-- Exercise --
Repeat the listing exactly, minus the pictures.

-- Collected material --

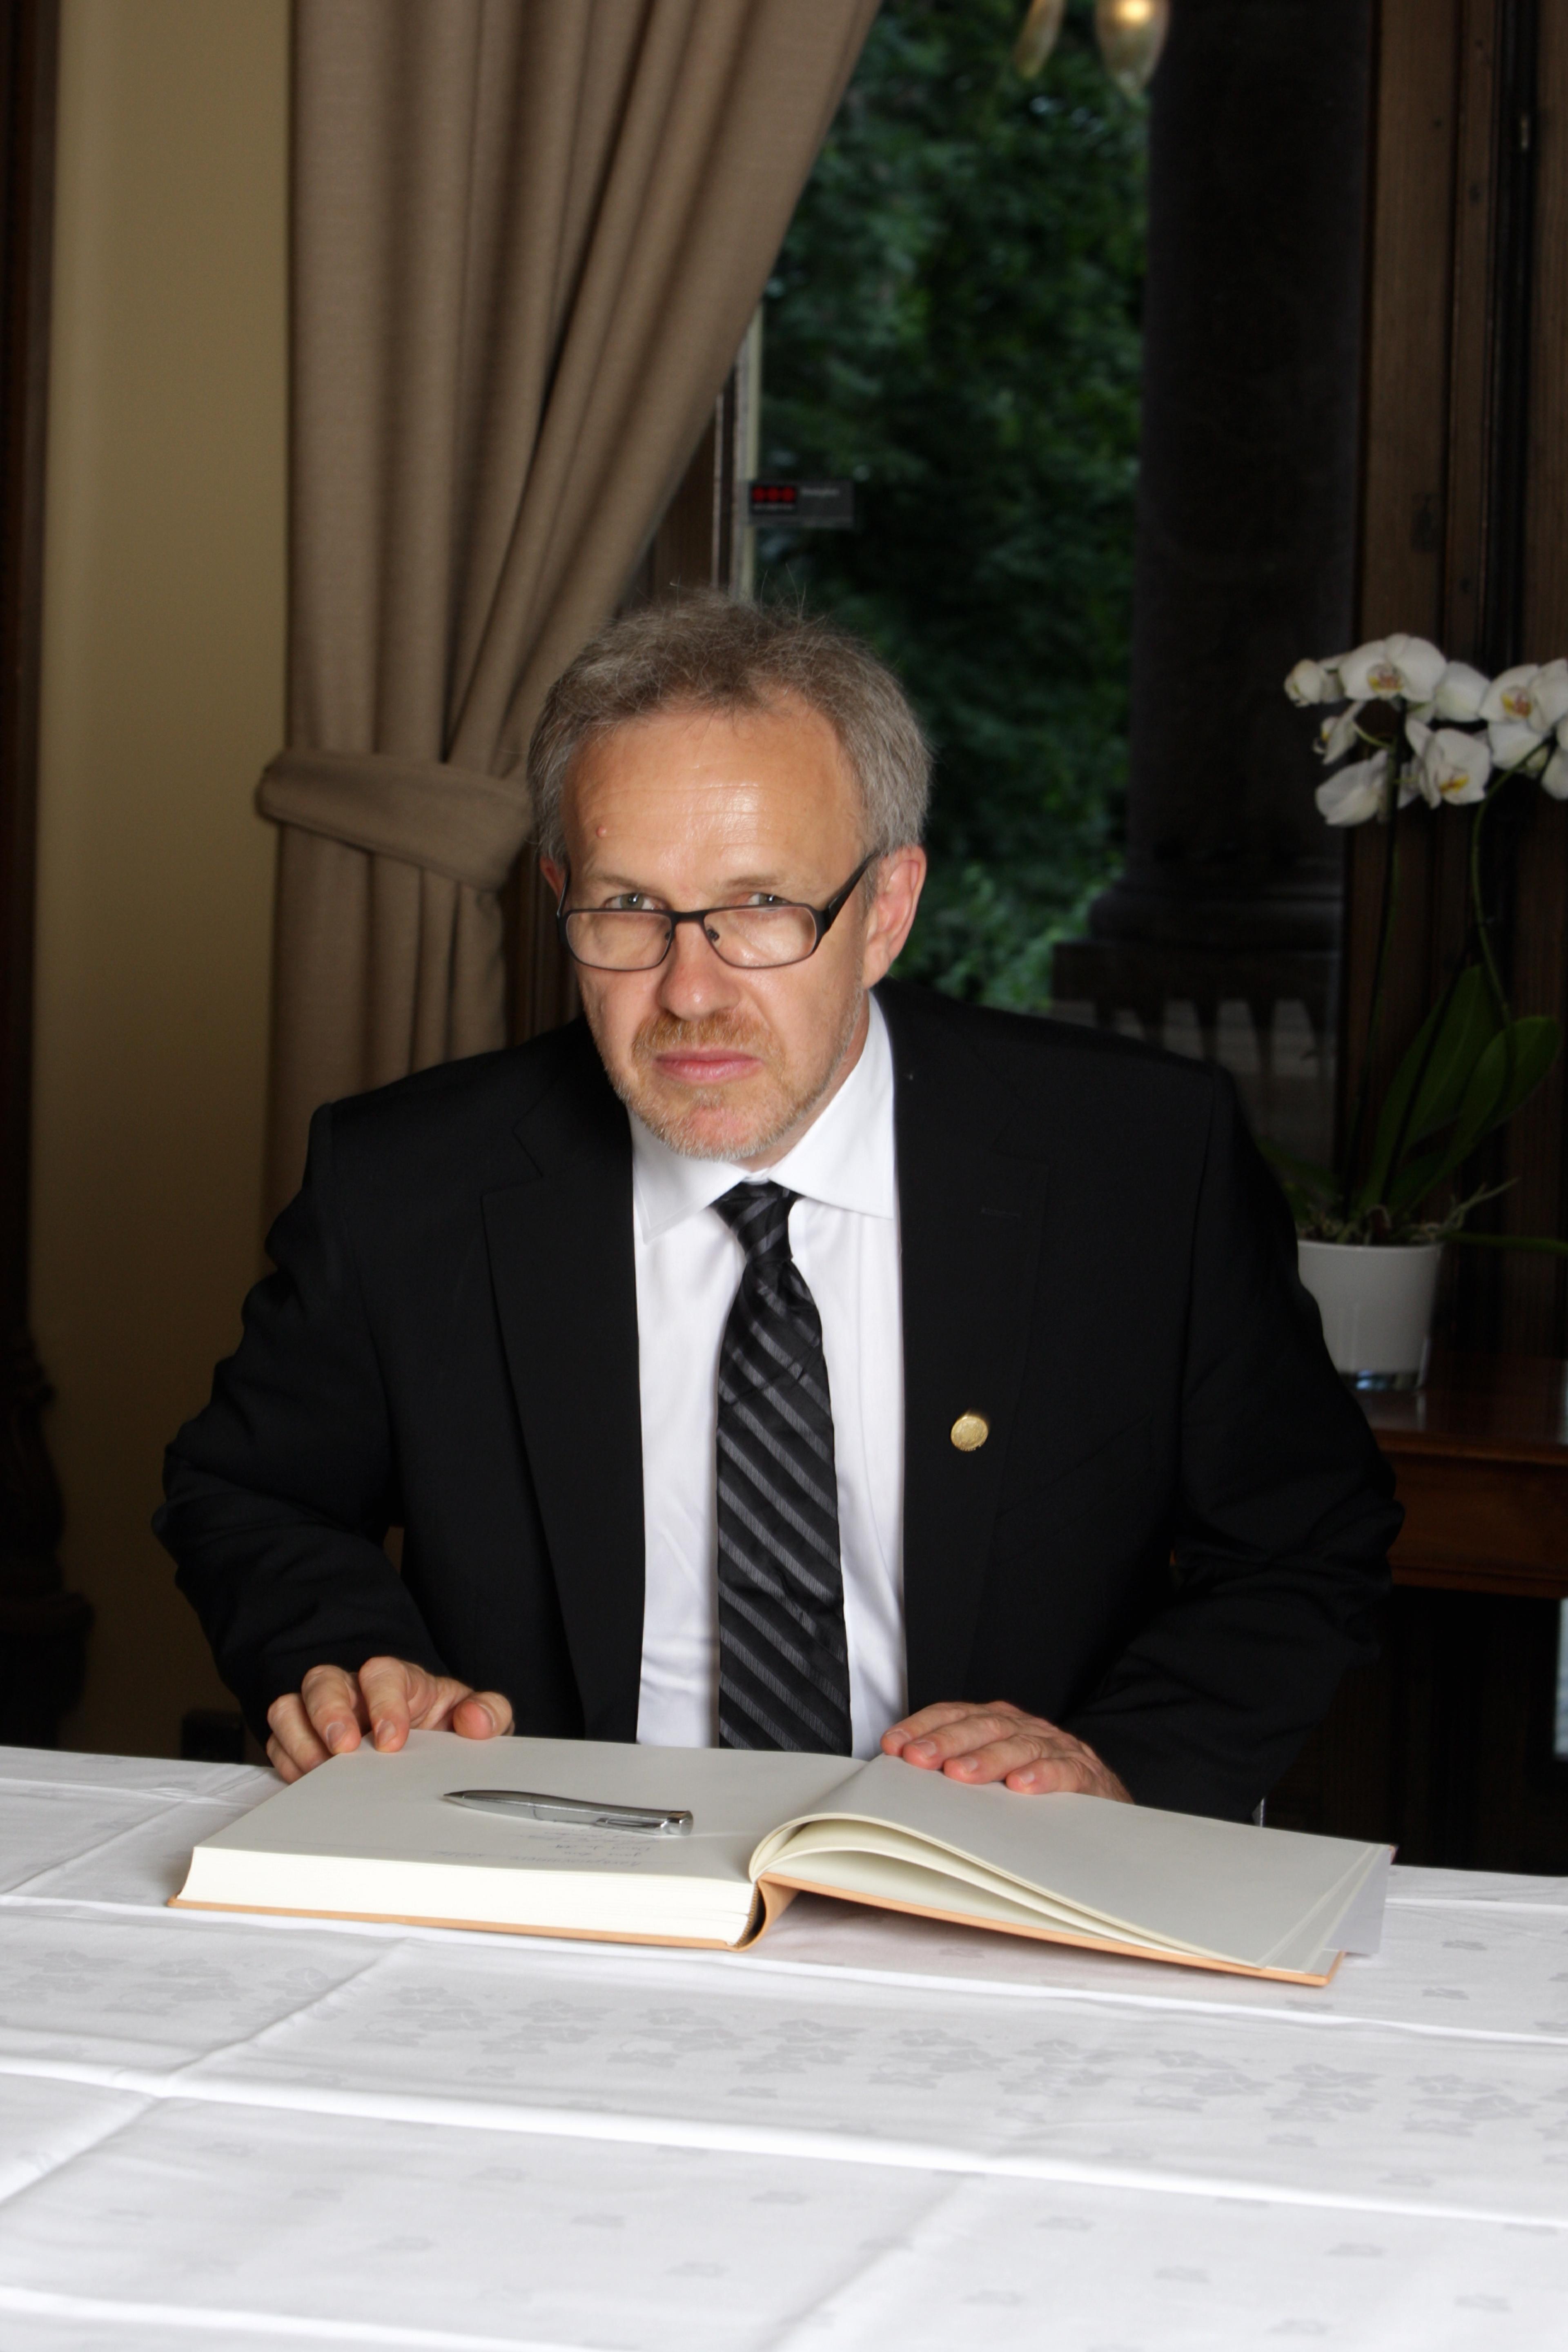 Winfried Denk signing the guest book at the Norwegian Academy of Science and Letters during the Kavli Prize week in Oslo
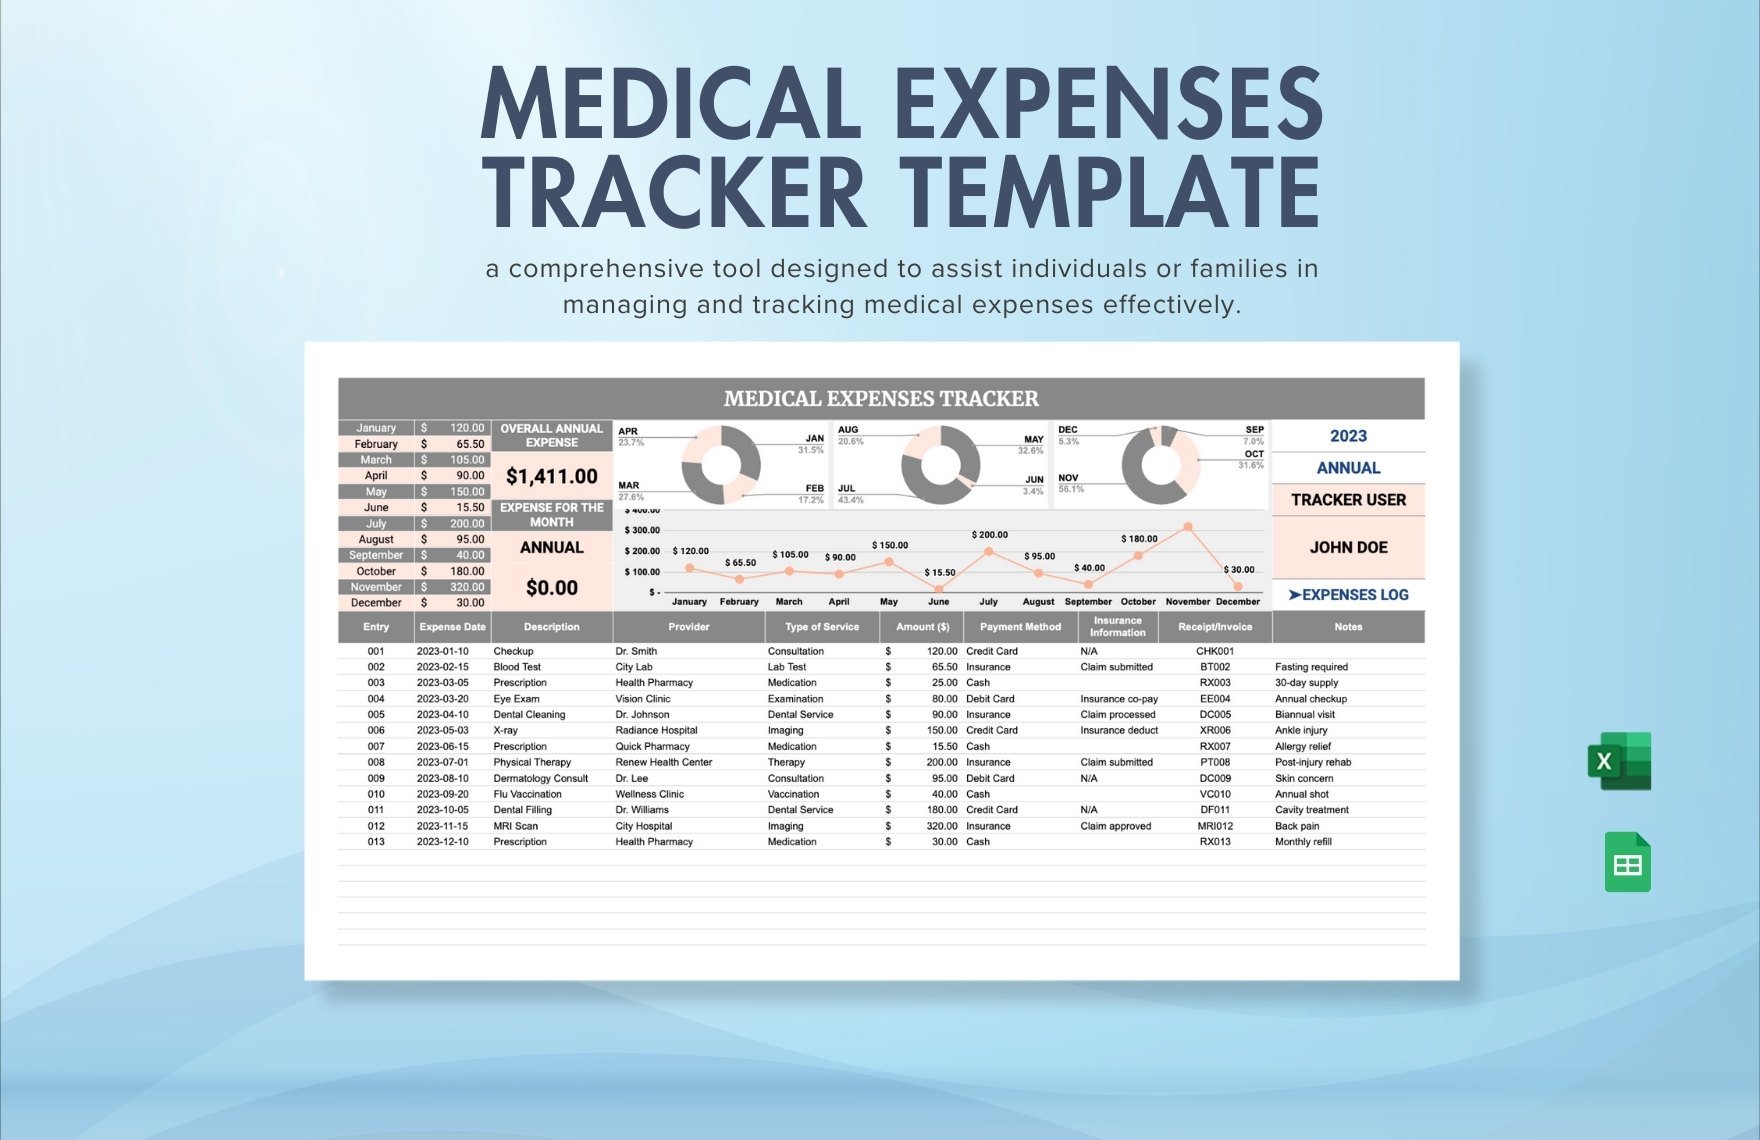 Medical Expenses Tracker Template in Excel, Google Sheets
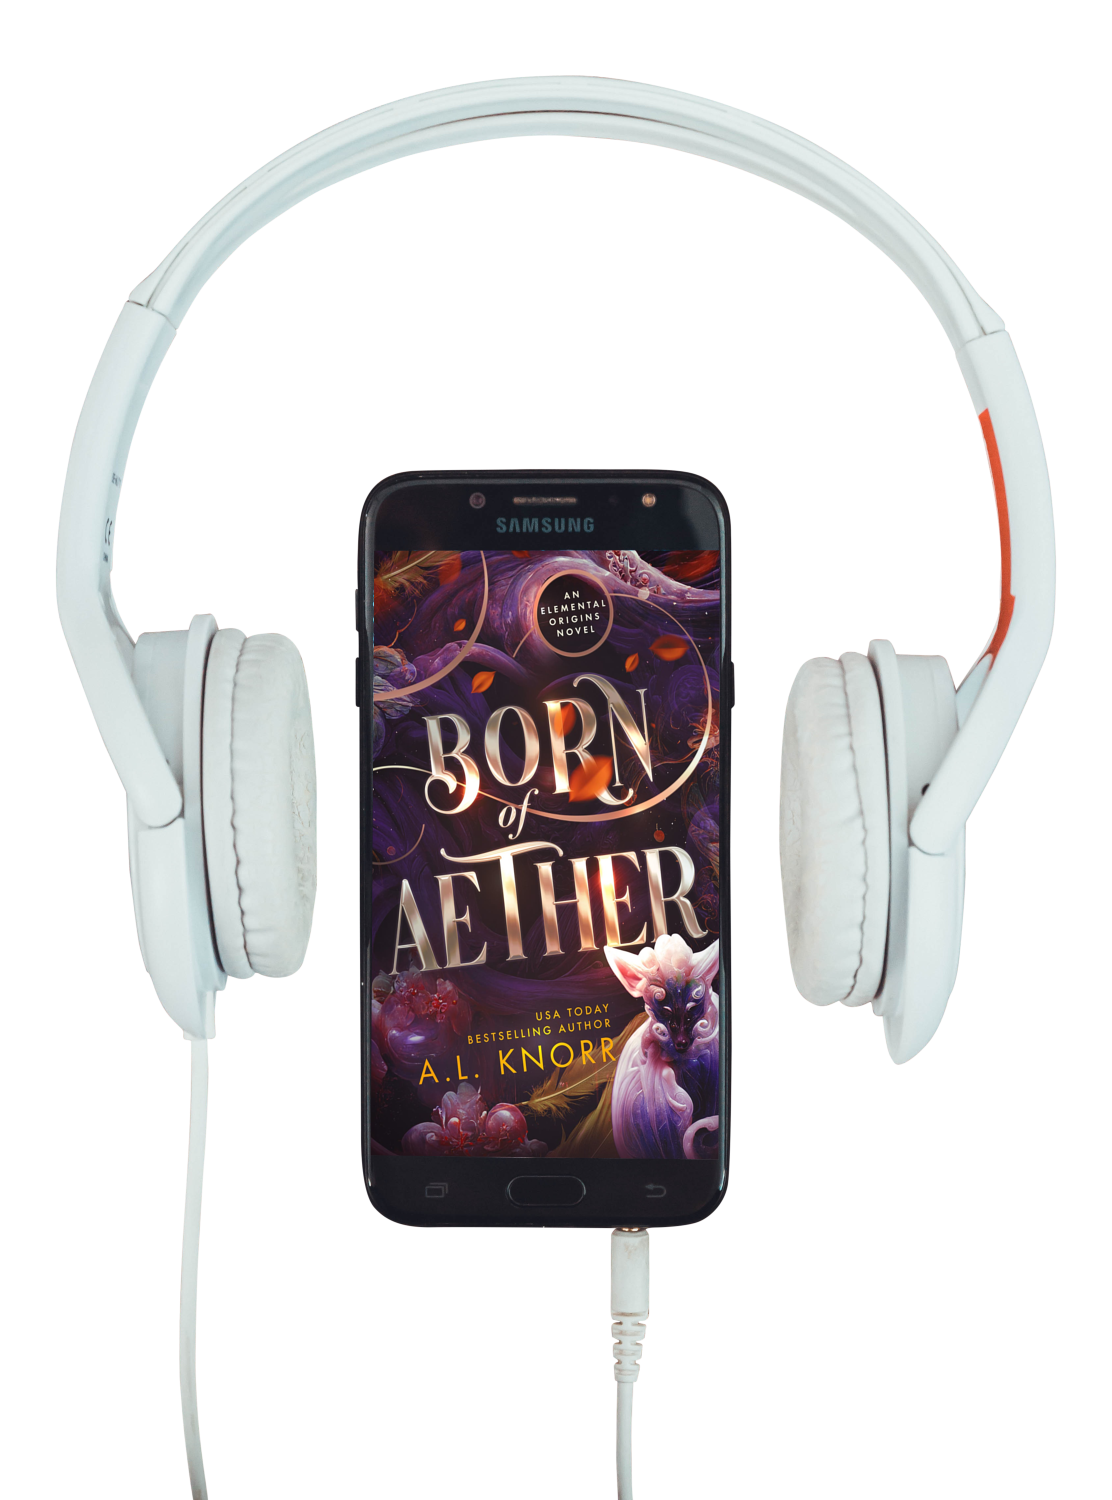 Born of Aether audiobook graphic with headphones

-- Solution below --
 Winfried Denk signing the guest book at the Norwegian Academy of Science and Letters during the Kavli Prize week in Oslo
 Medical Expenses Tracker Template in Excel, Google Sheets
 Born of Aether audiobook graphic with headphones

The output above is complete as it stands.